Разбирал балет Шапошникова; ругался. Максу понравилась «Аллеманда», «Ригодон» (неоконченный). Я хочу дописать к осени все десять пьес для моего 12-го опуса и издать их, продав Юргенсону за тысячу рублей. Макс возражает, что для того, чтобы заплатить такой куш надо, чтобы разошлись мои предыдущие сочинения. Предлагает пикантный проект: раскупить мою Первую Сонату, пожертвовав на неё хоть пятьдесят рублей. Завтра он заходит в магазин и требует два экземпляра, затем посылает сестру, кузена, затем я сам захожу и т.д.
Какая ерунда балет Шапошникова, ужас!
Мой дневник отстал на три дня. а потому сегодня пришлось пожертвовать утро, чтобы привести его в порядок. В промежутках играл балет Шапошникова и сердился на автора.
К двум часам пошёл в Международный банк сделать ставку в Парвияйнен. Эта проклятая бумага прыгнула, обещая восемьсот рублей прибыли (в моей компанейской афере), но я не успел её продать, как она вновь спустилась.
Затем купил себе испанскую шляпу, как советовал Макс, очень кривые ботинки и два экземпляра моей Сонаты (подарю Венцелю и Винклеру) и пошёл в Консерваторию на публичный экзамен оканчивающих по пению. Там масса нарядной публики и масса народу. Моя остриженная голова продолжает служить предметом удивления, восклицаний и возмущений. Некоторые сразу не узнают меня. Францис, высоко подняв плечи и брови, прошептала:
- Ф ка-ком вы вви-дде?!...
С Катюшей Борщ вышло хуже: она бегом налетела на меня, остановилась как вкопанная, фыркнула и, обернувшись назад, закричала своим знакомым:
- Идите скорее сюда! Я вам покажу что-то очень смешное!
Черепнин спросил:
- Как же вы на акте дирижировать будете? Повернитесь-ка спиной... Ну конечно, все и скажут, что лысый!
Вообще же восклицаниям не было числа. Вчера Макс высказал предположение, что я, кажется, скоро буду бить тех, кто заикнётся о моей куафюре{110}:
- Что это у вас с...
- А хотите в морду?
Сегодня на экзамене я видел Наташку Гончарову, прелесть какую хорошенькую, но она, к сожалению, разменяв у меня три рубля, куда-то умчалась и сгинула, успев, однако, крикнуть: «Мой кумир!...»
Клингман сидела на одном стиле с 22А. Потом Клингман сообщила мне, что фамилия 22А - Белокурова, что она ученица Фострем. Затем я пошёл заниматься с Черепниным и проходить с ним концерты Чайковского и Глазунова, а когда прохождение окончилось, отправился домой. Экзамен пения был к тому времени ликвидирован.

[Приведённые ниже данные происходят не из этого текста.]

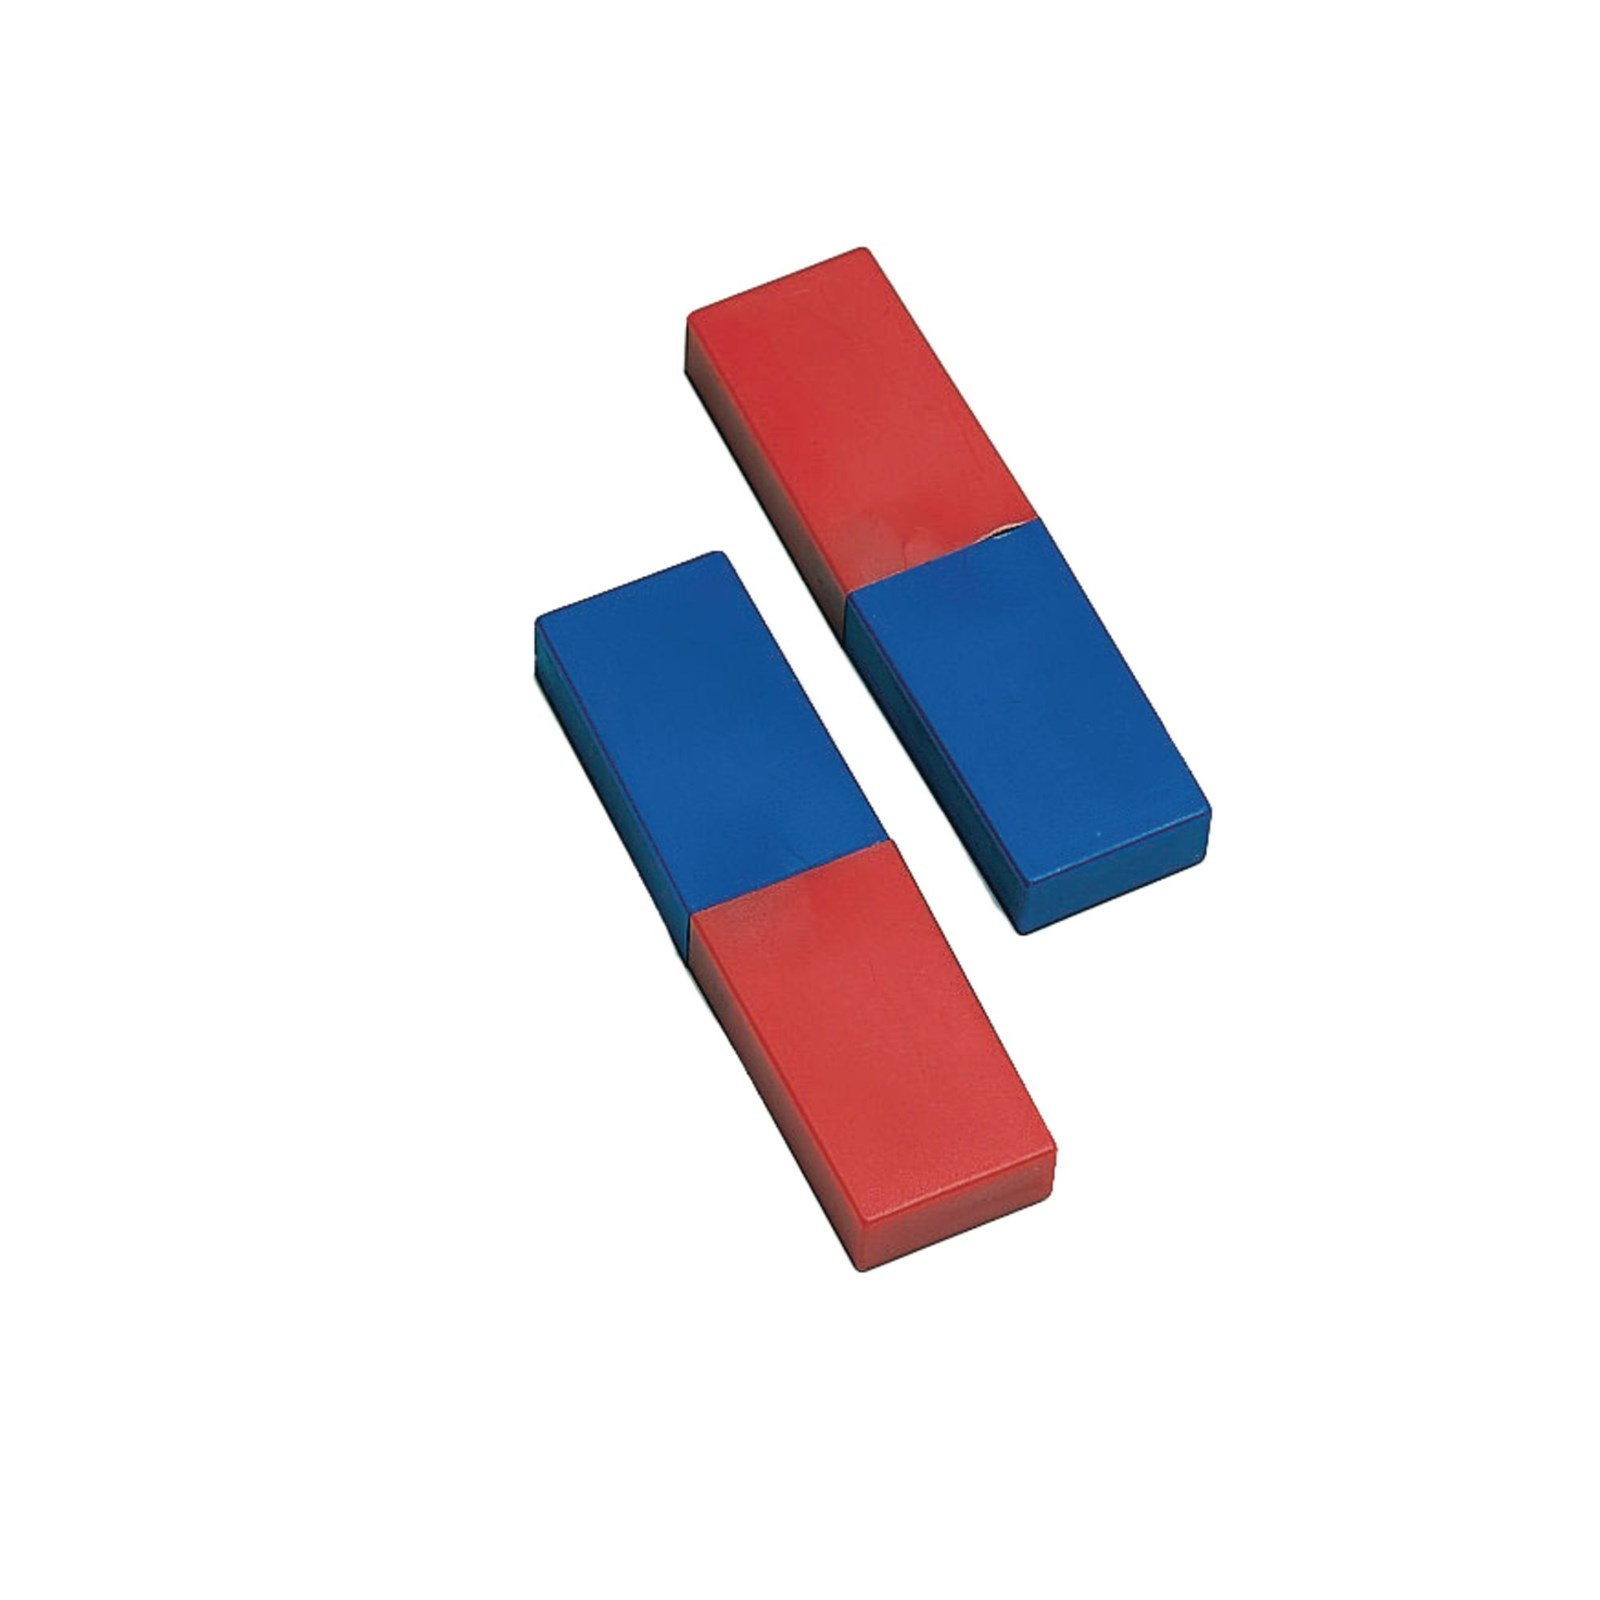 Bar Magnets, Plastic Coated Ceramic

Вечером были Раевские: играли в «винт».
Едва я проснулся, как палкой по голове меня хватило письмо Макса: «Сообщаю тебе последнюю новость - я застрелился».
Я заметался по кровати, по комнате, подошёл к зеркалу, выскочил в соседнюю комнату. Моя первая полусознательная мысль была: зачем же, зачем ломать так счастливо сложившееся течение жизни?! Он говорил несколько раз, что застрелиться очень просто, что это даже «страшно шикарно», иной раз он обдумывал, как-бы это сделать... и я знал, что он ни в грош не ставит жизнь. Он мог так же просто застрелиться, как иной раз выпить залпом рюмку бенедектину и найти это «страшно шикарным». Ужас охватил меня от вероятности события – и в то же время хотелось думать, что что-нибудь да не так. В это время позвонила его тётка Софья Ивановна и перепуганным голосом спросила: что значит письмо, которое она только что получила. Макс писал ей, что решив лишить себя жизни, он избирает укромный уголок, дабы избавить родных от возни с похоронами и полицией. Матери ничего не пишет, потому что не поднимается рука.
Какие причины?
Нет причин. «Причины не важны» - криво приписано в письме ко мне. Я вызвал мотор, быстро оделся и поехал к Софье Ивановне. После краткой, ни к чему не приведшей, попытки выяснить причины катастрофы, мы поехали заявить в участок, а оттуда в сыскную полицию, прося всюду сообщать результаты не матери, но Софье Ивановне. Затем мы отправились на Финляндский вокзал, чтобы выяснить штемпель на письме: он был финляндский, но совершенно непонятный, неизвестно откуда шла ужасная весть.